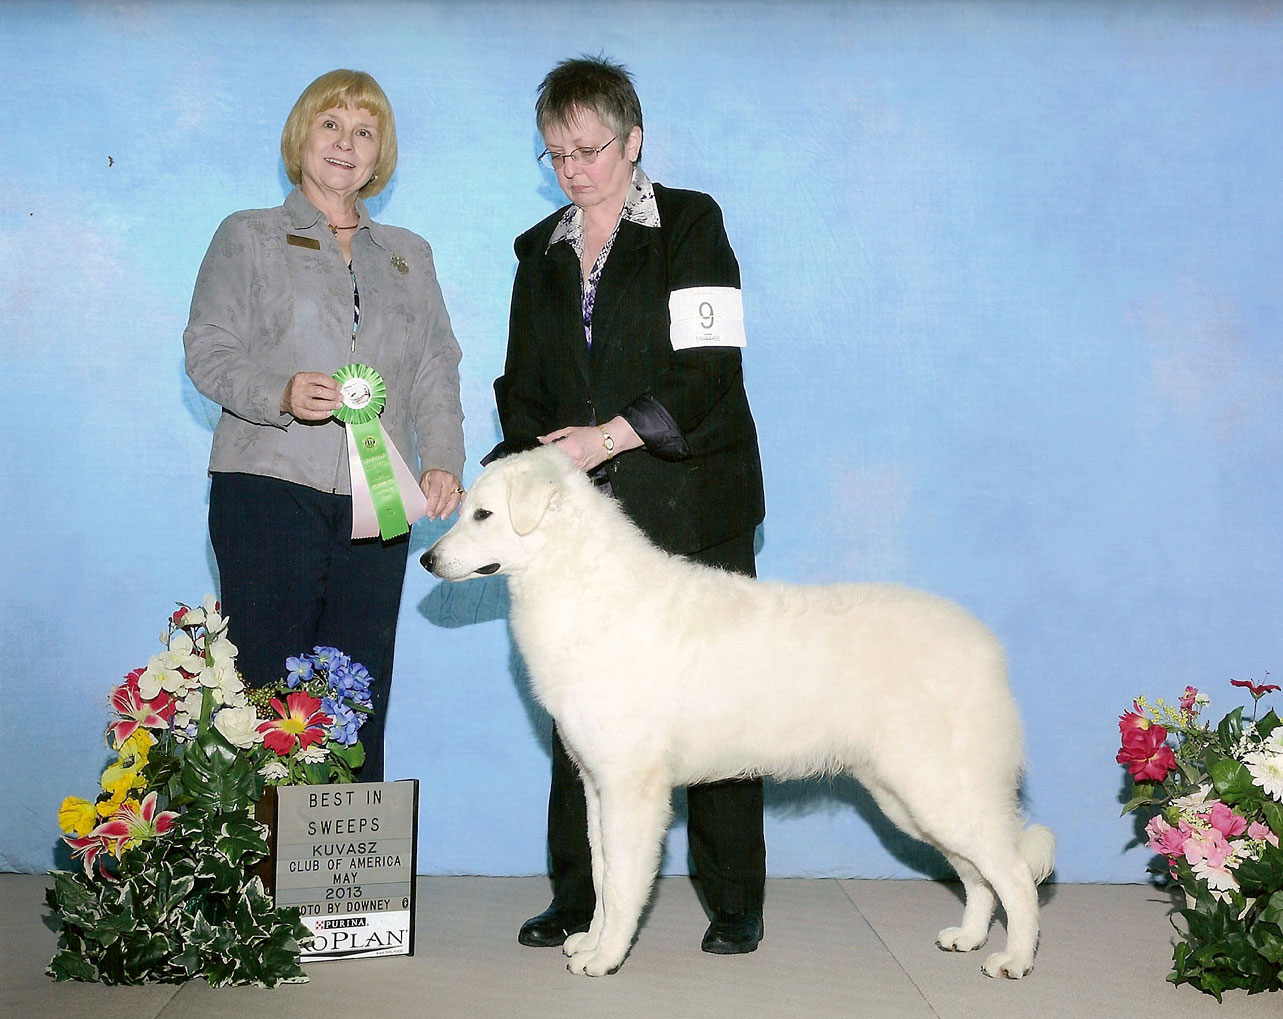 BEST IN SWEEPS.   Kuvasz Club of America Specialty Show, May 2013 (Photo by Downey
══════
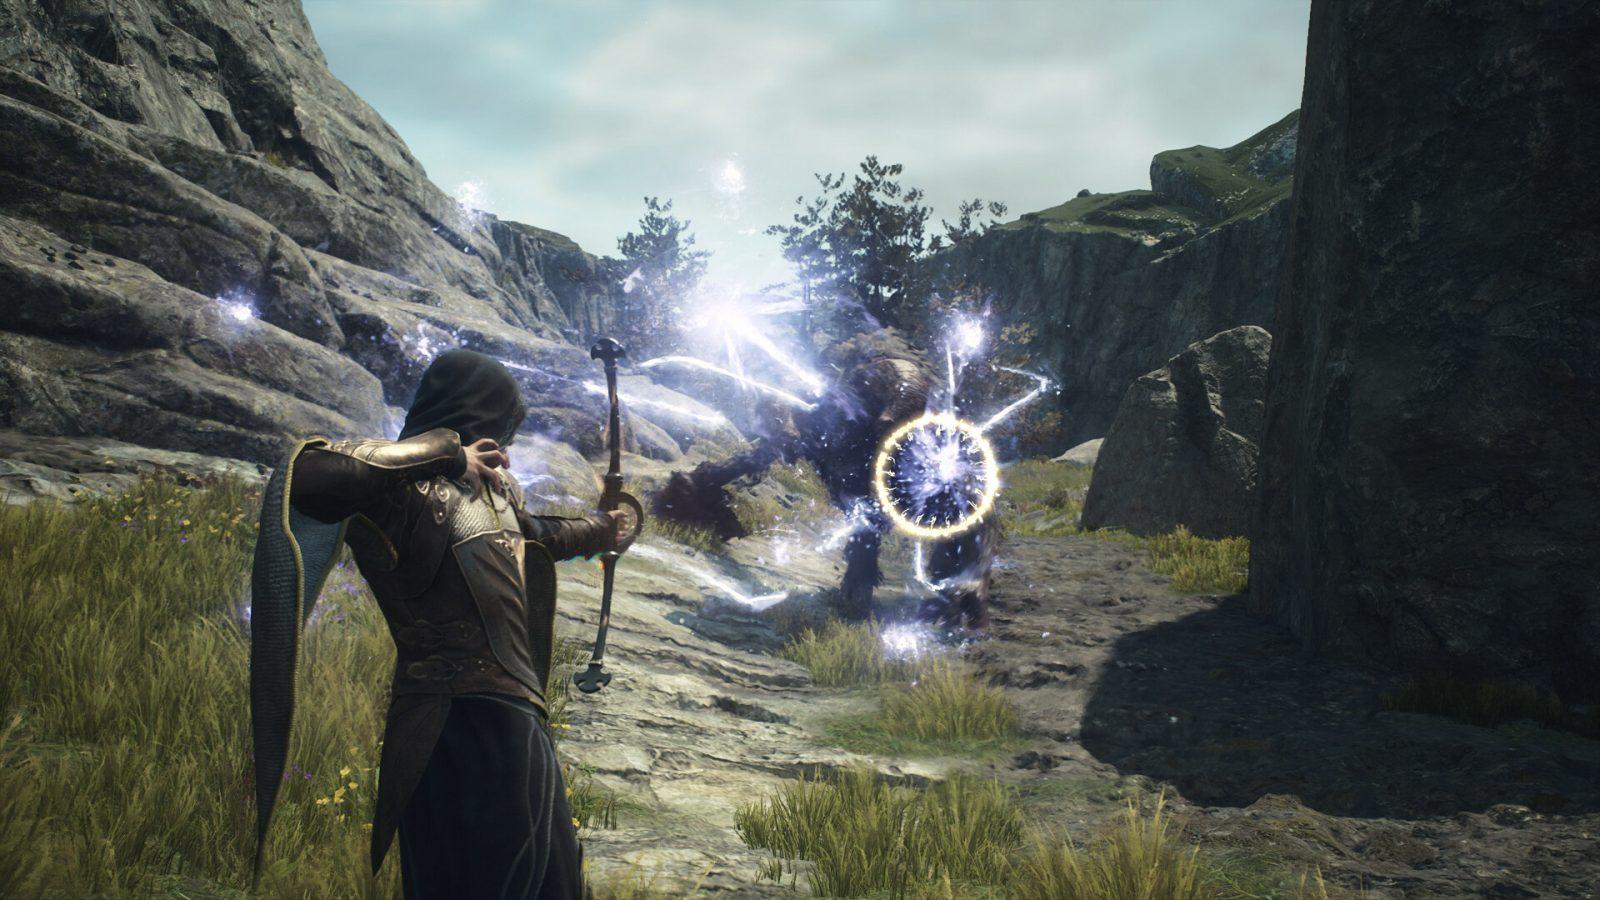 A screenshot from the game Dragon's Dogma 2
══════
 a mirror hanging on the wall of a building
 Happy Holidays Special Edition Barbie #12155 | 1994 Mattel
══════
— REQUIRED ACTION —
From the records above, transcribe exactly the run of lines that opens with the line holding "a mirror hanging on the wall of a building" and closes with the line holding "Happy Holidays Special", both included.

— ANSWER AREA —
 a mirror hanging on the wall of a building
 Happy Holidays Special Edition Barbie #12155 | 1994 Mattel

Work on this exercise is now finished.